• _DATA SHOWN_

--

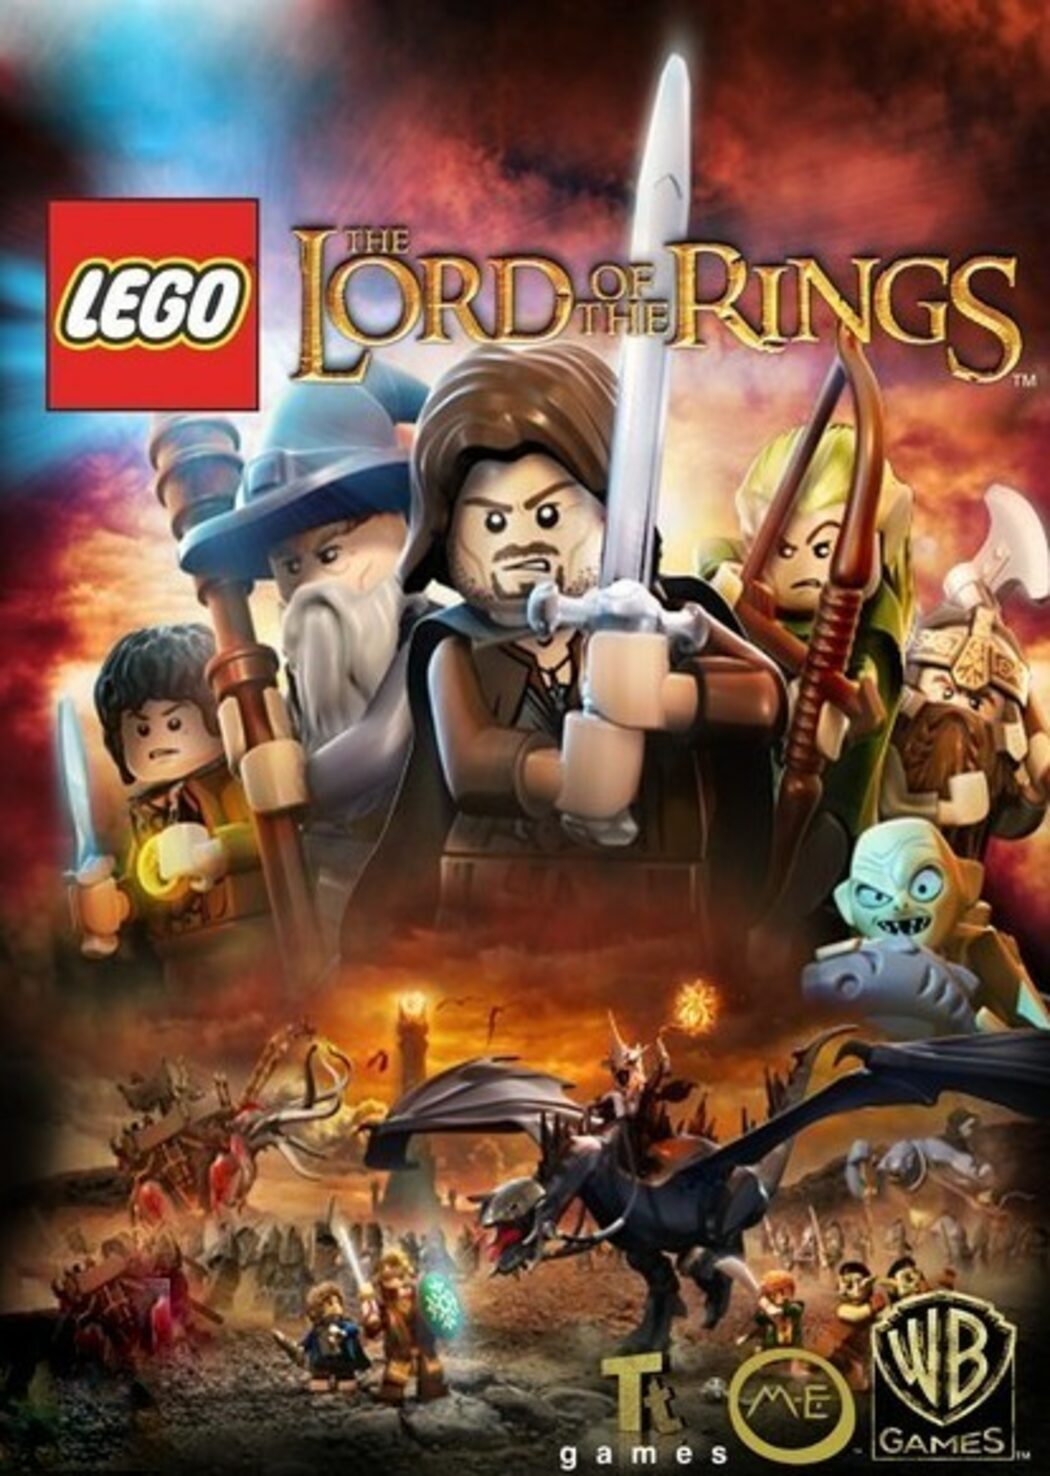 rights to lord of the rings games
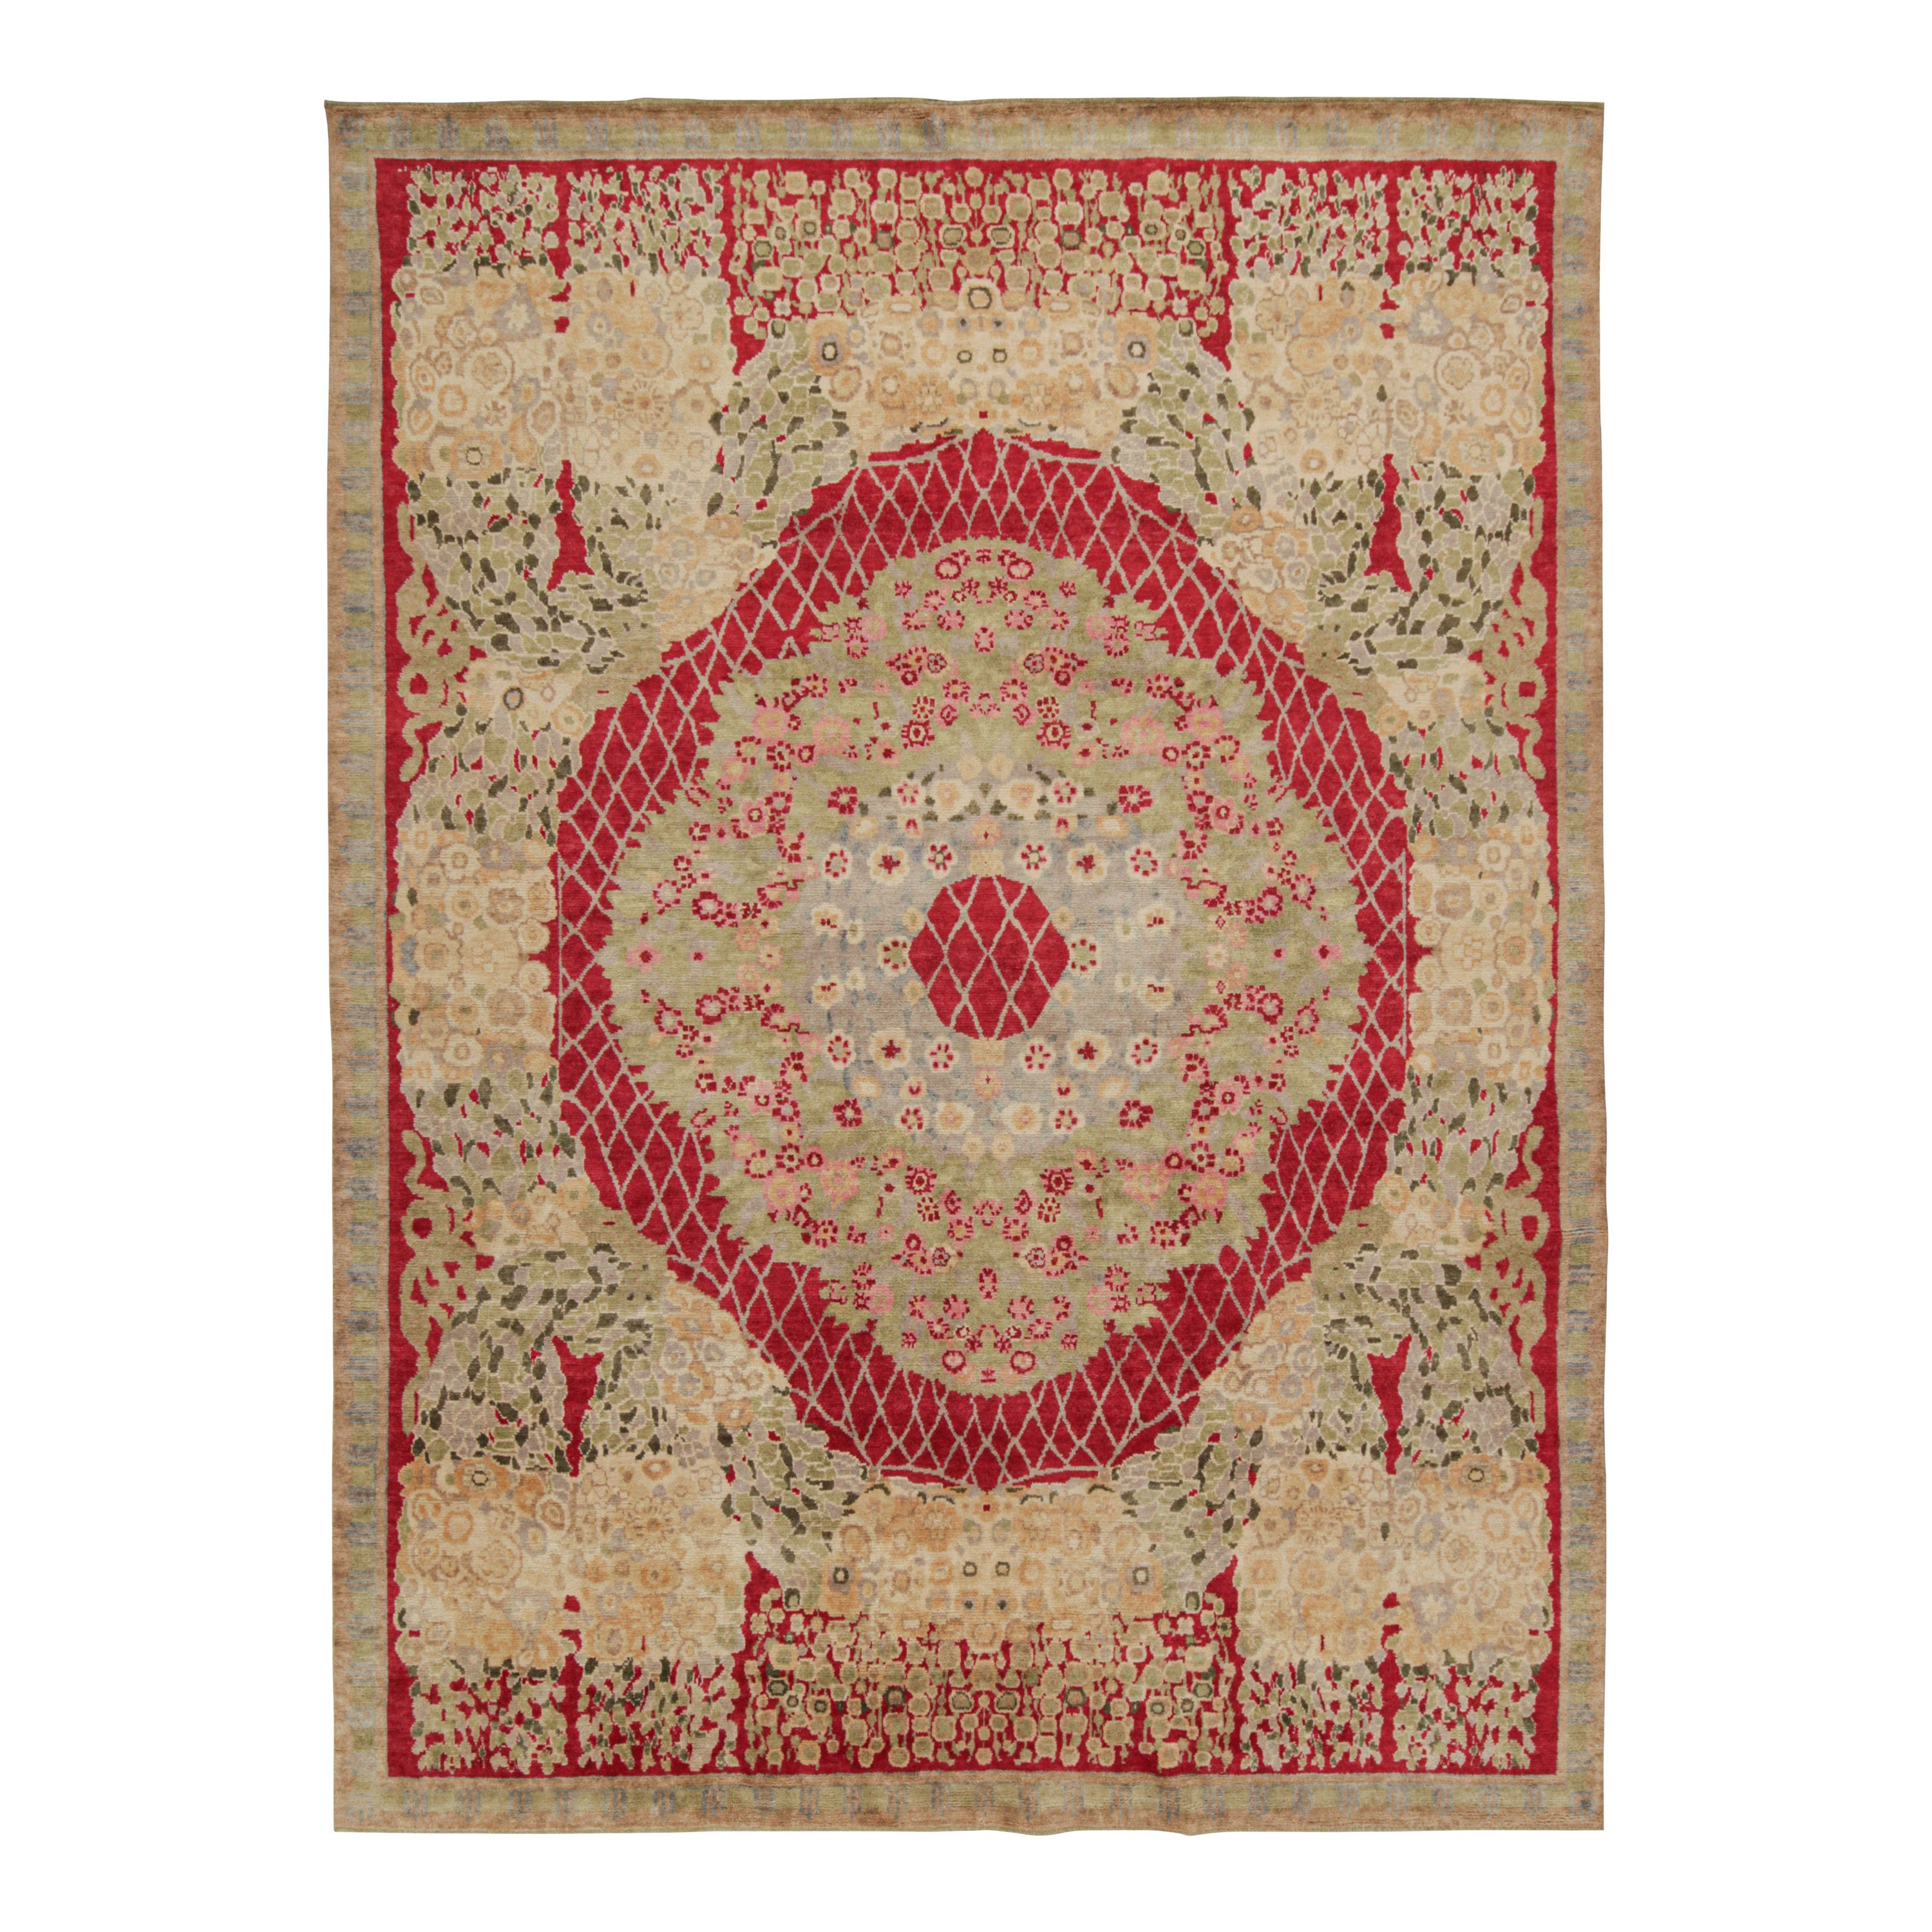 Rug & Kilim’s French Style Art Deco Rug in Red, Green, Gold & Blue Patterns For Sale
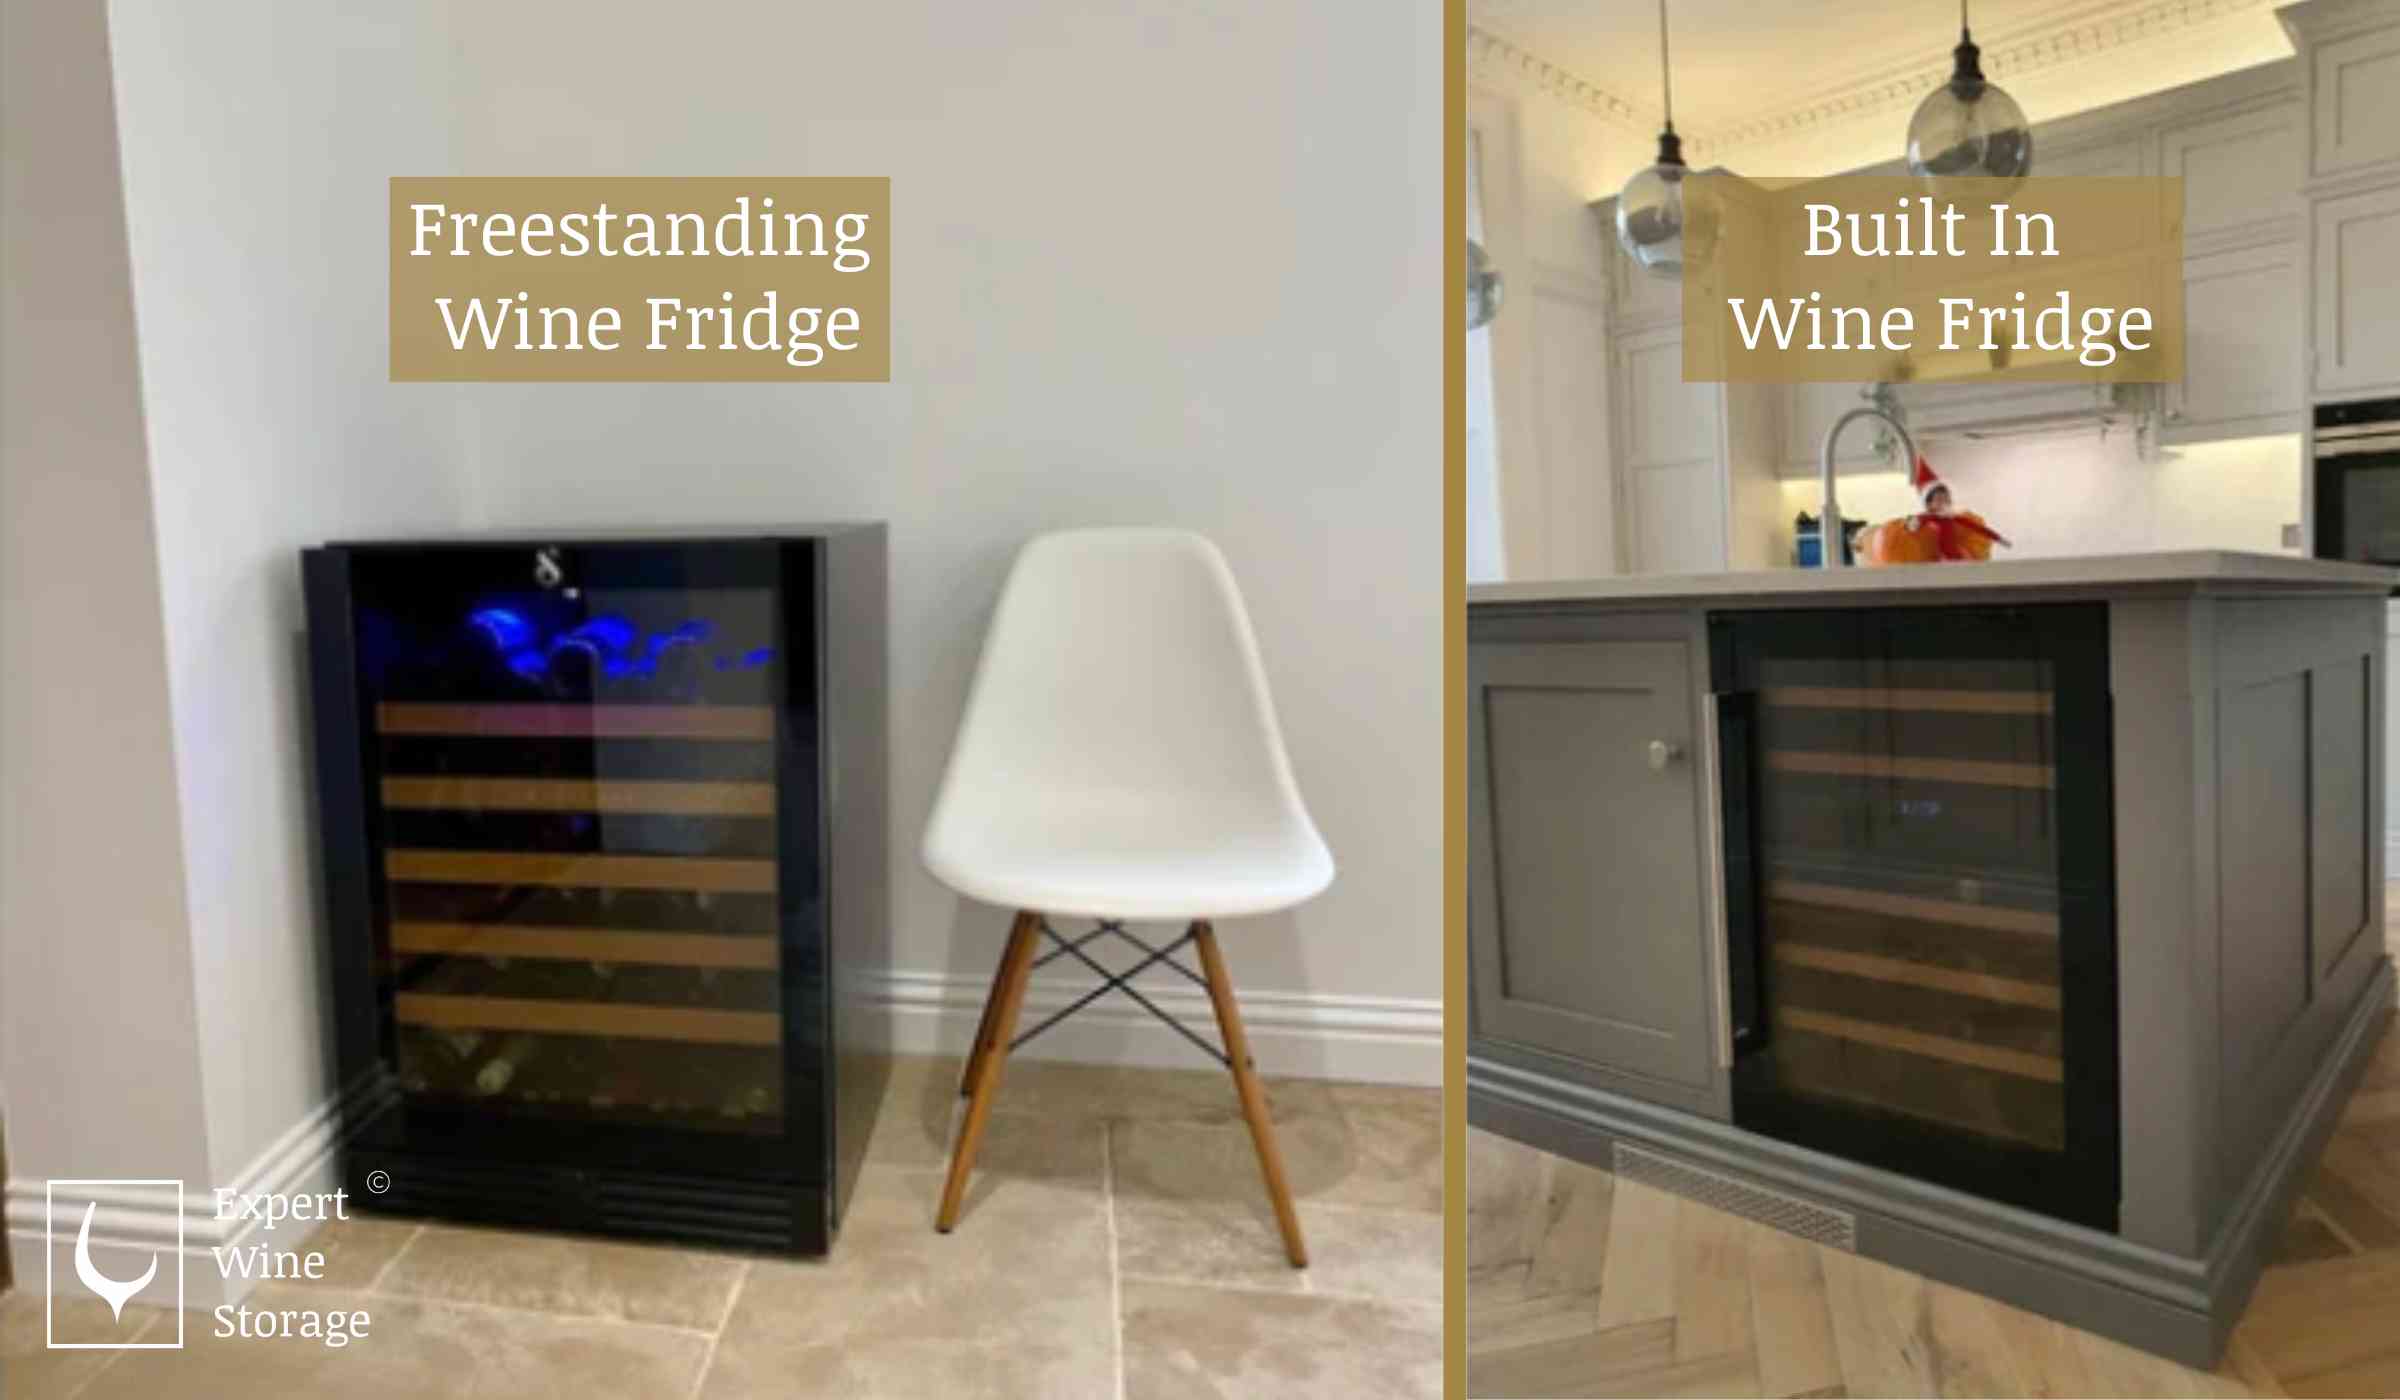 Wine Fridge Positioned Freestanding and Built In

--

• _INSTRUCTIONS FOR THE TASK_
Without any pictures, please write out the lines from the one containing "Rug & Kilim’s" through the final line of the data, exactly and inclusive of both ends.

• _SOLUTION TO THIS EXERCISE_
 Rug & Kilim’s French Style Art Deco Rug in Red, Green, Gold & Blue Patterns For Sale
 Wine Fridge Positioned Freestanding and Built In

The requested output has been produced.